Desde la consideración de las series de datos, particularizándolos por países y distintas variables, Piketty va exponiendo la lógica de los procesos económicos, con especial atención a la medición de las desigualdades. Como es lógico, dados determinados valores de distintas variables (la tasa de rendimiento del capital y el crecimiento de la producción, principalmente), es posible plantear expresiones matemáticas con las que explicar y prever evoluciones futuras. Ahora bien, esas fórmulas no son leyes inmutables de sacrosantos dogmas del capitalismo, entre otras cosas porque las letritas que aparecen en sus ecuaciones no son constantes físicas sino variables que dependen fundamentalmente de factores humanos, en especial de los vinculados a la organización sociopolítica. Dicho de otra forma: las medidas políticas que adoptan los Estados y las organizaciones supranacionales influyen mucho más decisivamente en la marcha de la economía que unas supuestas fuerzas invisibles del mercado. La sacralización de éste desde la ideología neoliberal no es sino una forma de disfrazar los intereses de quienes dominan y controlan el tinglado. El análisis riguroso de las series históricas de las distintas variables macroeconómicas que lleva a cabo Piketty pone de manifiesto la fragilidad de las simplificaciones neoliberales. Ponerlas en cuestión y, a la vez, dar al lector un enfoque para profundizar y entender por sí mismo (por ejemplo, en relación a España, de la que sólo se habla tangencialmente) es, a mi juicio, un gran mérito de este libro, cuya lectura recomiendo encarecidamente. No creo exagerar si digo que es lo mejor que he leído sobre economía (y hasta cierto punto, sobre historia) y el que probablemente más me haya ayudado en mis esfuerzos de ya unos añitos de tratar de entender esta disciplina que nos presentan tan misteriosa y difícil (otra de las técnicas para que nos dejemos guiar por los que “saben”).

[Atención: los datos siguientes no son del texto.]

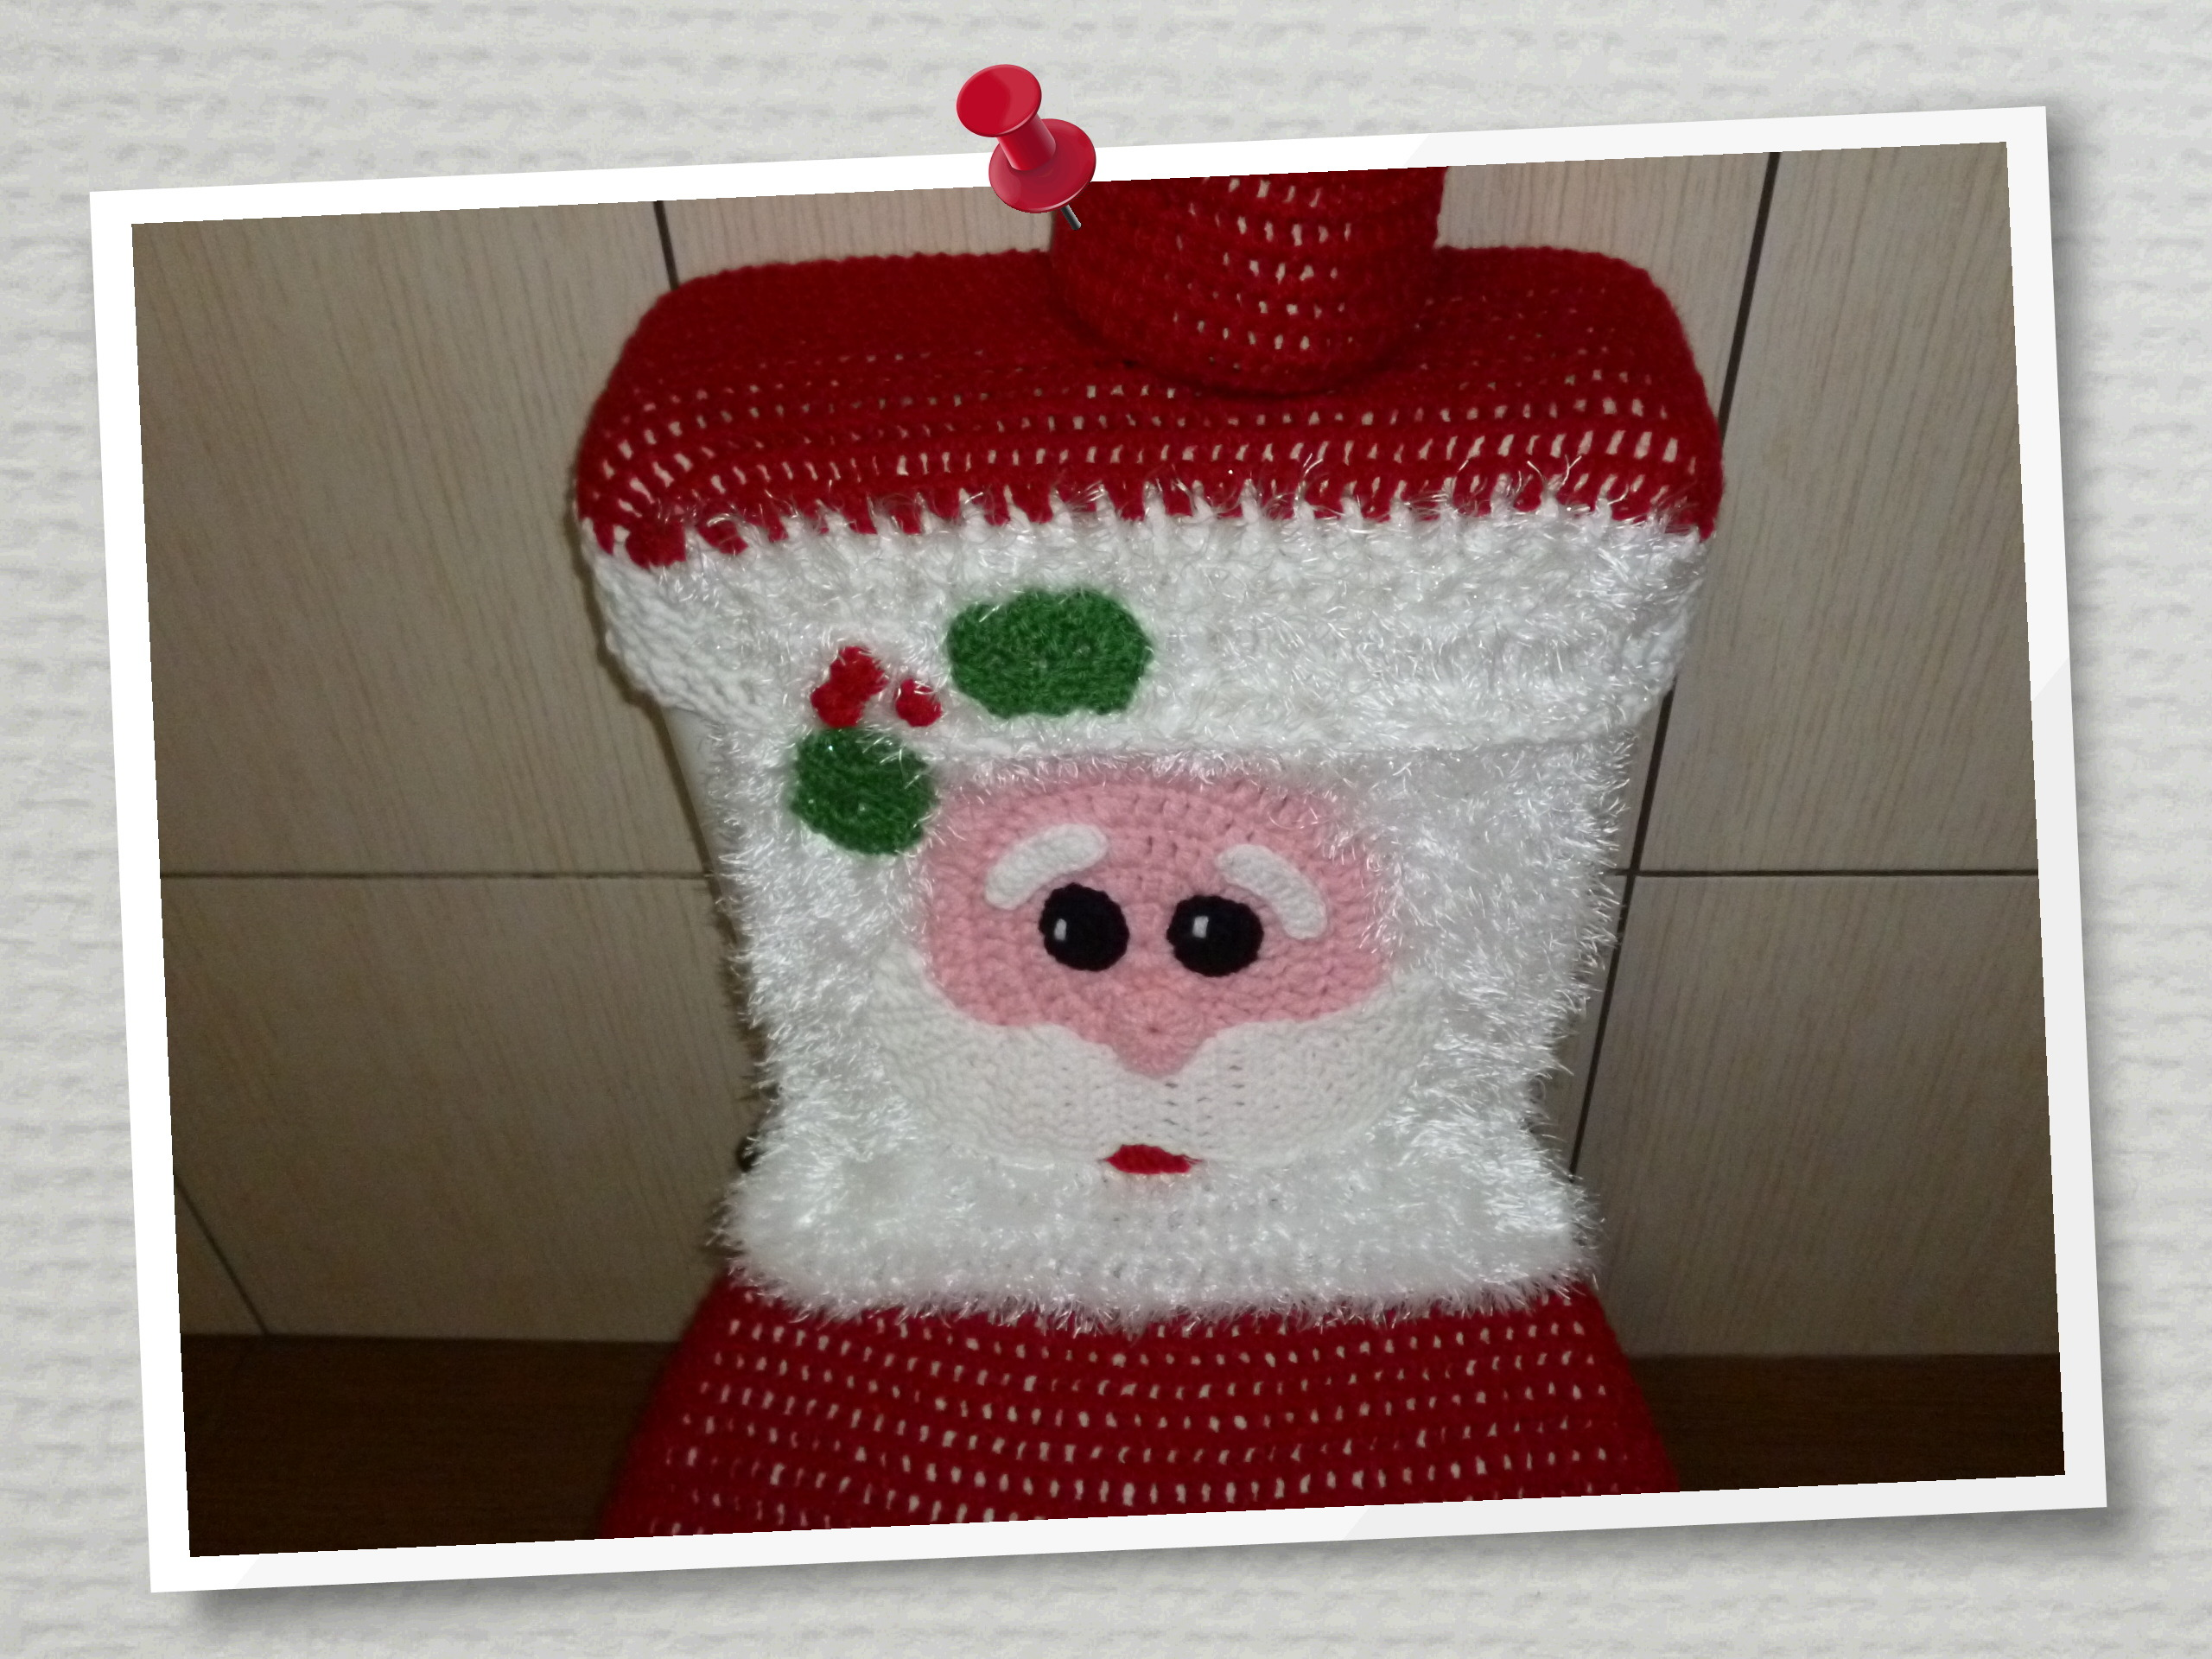 #621D1C conjunto de banheiro papai noel conjunto de banheiro papai noel  2560x1920 px Banheiro Entupido Com Papel Higienico 3197

Como no podía ser de otro modo, el libro ha despertado no pocas críticas airadas, pero de momento no he encontrado descalificaciones que alcancen ni de lejos el grado de argumentación de Piketty. Por ejemplo, un tal Juan Ramón Rallo señala en su blog los “tres errores clave” del francés, pero ni las afirmaciones que imputa a éste son exactamente como él las dice ni tampoco sus contradicciones las apoya en datos. En todo caso, está claro que las propuestas de política económica de Piketty para reducir la desigualdad compatibilizándolo con el desarrollo capitalista de una economía globalizada, en la medida en que suponen la imposición progresiva al capital, no pueden gustar a los amos del mundo y, por tanto, no es de extrañar que abunden las descalificaciones. Pero más importante que la exactitud de los análisis y recetas del libro es, como ya he dicho, el enfoque metodológico que plantea y que espero que sea seguido por más trabajos. Solo así empezaremos a tener datos y a poder discutir con un mínimo de conocimiento de causa, condición indispensable para que la ciudadanía pueda participar en la construcción del futuro común, para que empiece a haber verdadera democracia. En lo que a mí respecta, y pese a mi escaso bagaje, la lectura me ha dejado con inquietudes suficientes para querer dedicar unos ratos a hacer ejercicios sobre riqueza, ingresos y desigualdades económicas en nuestro país. Ya iré comentando mis “investigaciones” en este blog, aunque me salgan posts tan aburridos como éste.

6 comentarios:

  1. Yo diría que el mayor acierto de Piketty está en darse cuenta de que el crecimiento económico ha ido parejo al desarrollo de la tecnología, en especial de la mecanización. Por supuesto, darse cuenta de que el siguiente tope es el ecológico.

    ¿Un tal Juan Ramón Rallo? ¡¡Pero si Rallo es uno de los más destacados representantes hispanos de la escuela económica austríaca!! La misma escuela que rechaza el método científico y te sale con que la economía "tiene su propio método". Esos que, sí, hacen de la economía algo con la misma respetabilidad que la astrología. Baste decir que para mí "neoliberal" equivale a "no lo suficientemente loco para ser austríaco".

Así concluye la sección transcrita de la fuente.